Like George Romero and his zombie flicks, I am ending my "deadlift" series as a trilogy.
I've made my case for the deadlift to be incorporated in workouts for most healthy individuals and described some proper lifting mechanics. Today, I'll discuss the traditional style barbell deadlift ( DL) versus the Sumo style.
Of course, you can perform deadlifts with dumbbells, kettlebells, med balls, sandbags or slosh bags in order to provide variety and changes in load position and lifting mechanics. People lucky enough to have access to a hex bar or trap deadlift bar should mix these lifts in as well.
Excluding maximal lifts, the most common traditional deadlift style is the "leg-lift" method. The "leg-lift" style generates large hip extensor movement.On maximal lifts, the "back-lift" style provides an pronounced kyphotic thoracic curve.

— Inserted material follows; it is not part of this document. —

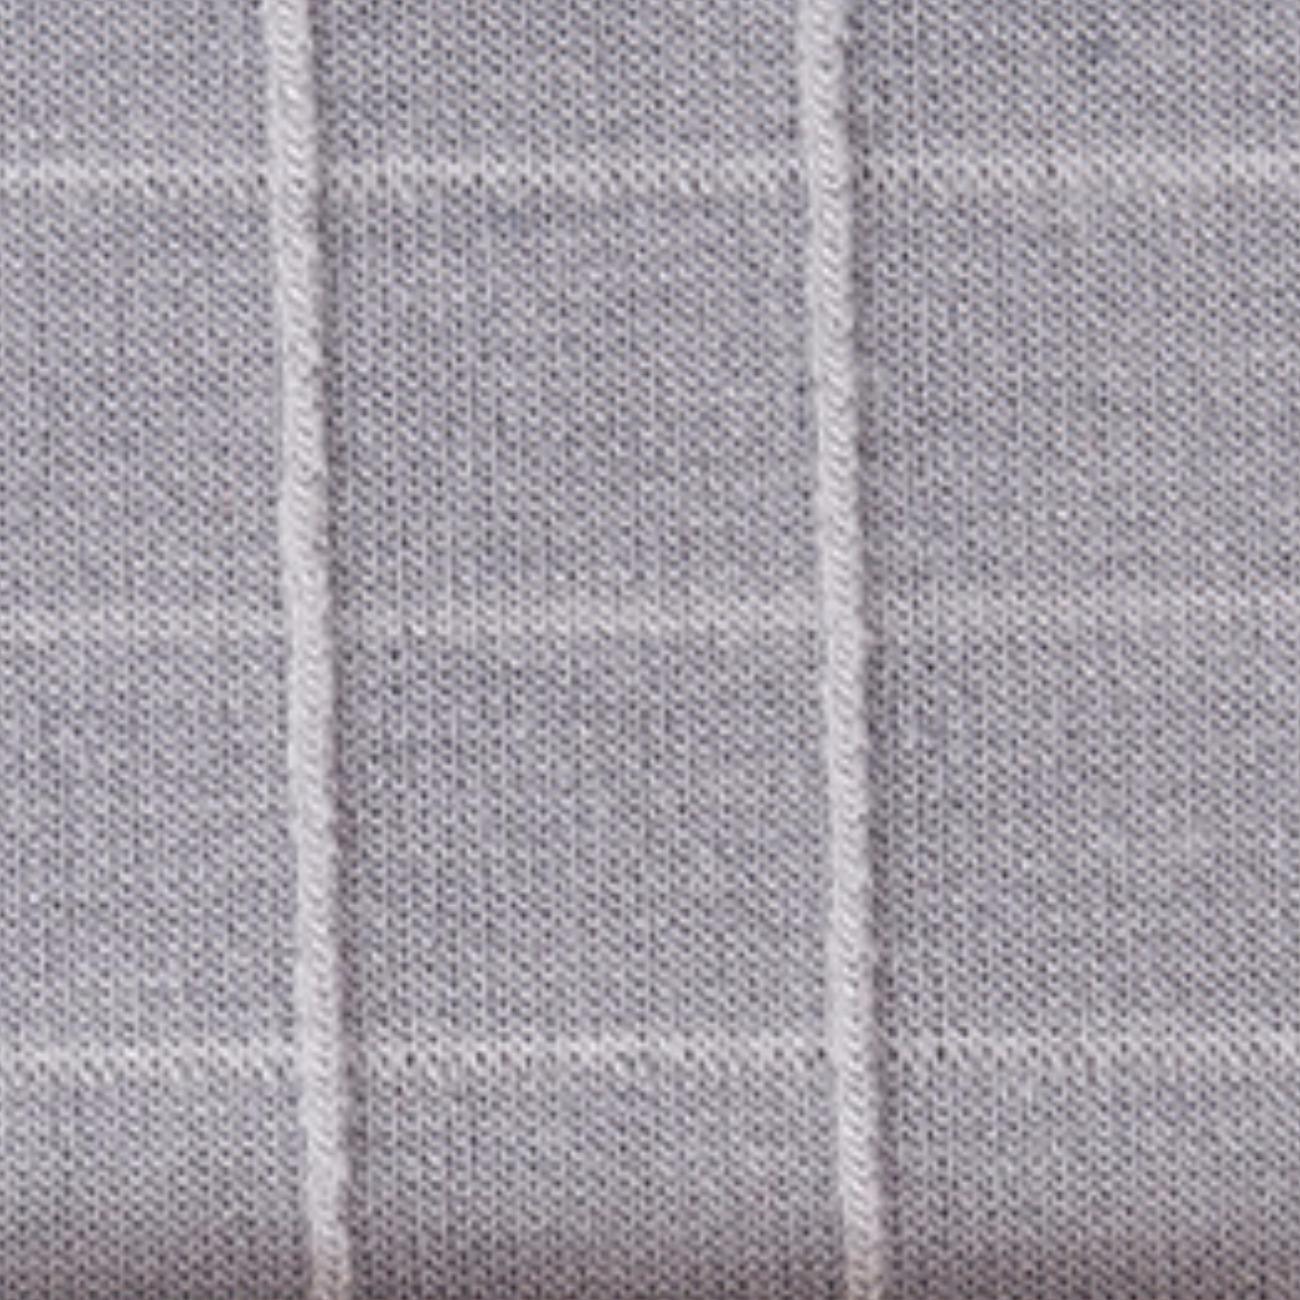 240g提花针织面料 2018春季棉涤女装面料弹力格子卫衣外套布料批

The wide-stance Sumo-style lift puts the barbell closer to the center of mass of the upper body, but increases mediolateral shear forces as well. A key benefit of the Sumo-stle DL is that maintaining lumbar lordosis ( which places less stress on the posterior ligament system) is much easier. It also produces knee, and hip extension, and heavy adductor involvement.
Finally, a knowledgeable professional can help you decide which style of DL is best for your particular needs based on training status, performance needs and biomechanical characteristics. A person with a short torso and short arms for example, could benefit from employing the Sumo-style DL.
Regardless of which style or tool you use, ensure you incorporate this excellent compound exercise into your routine. Don't be afraid.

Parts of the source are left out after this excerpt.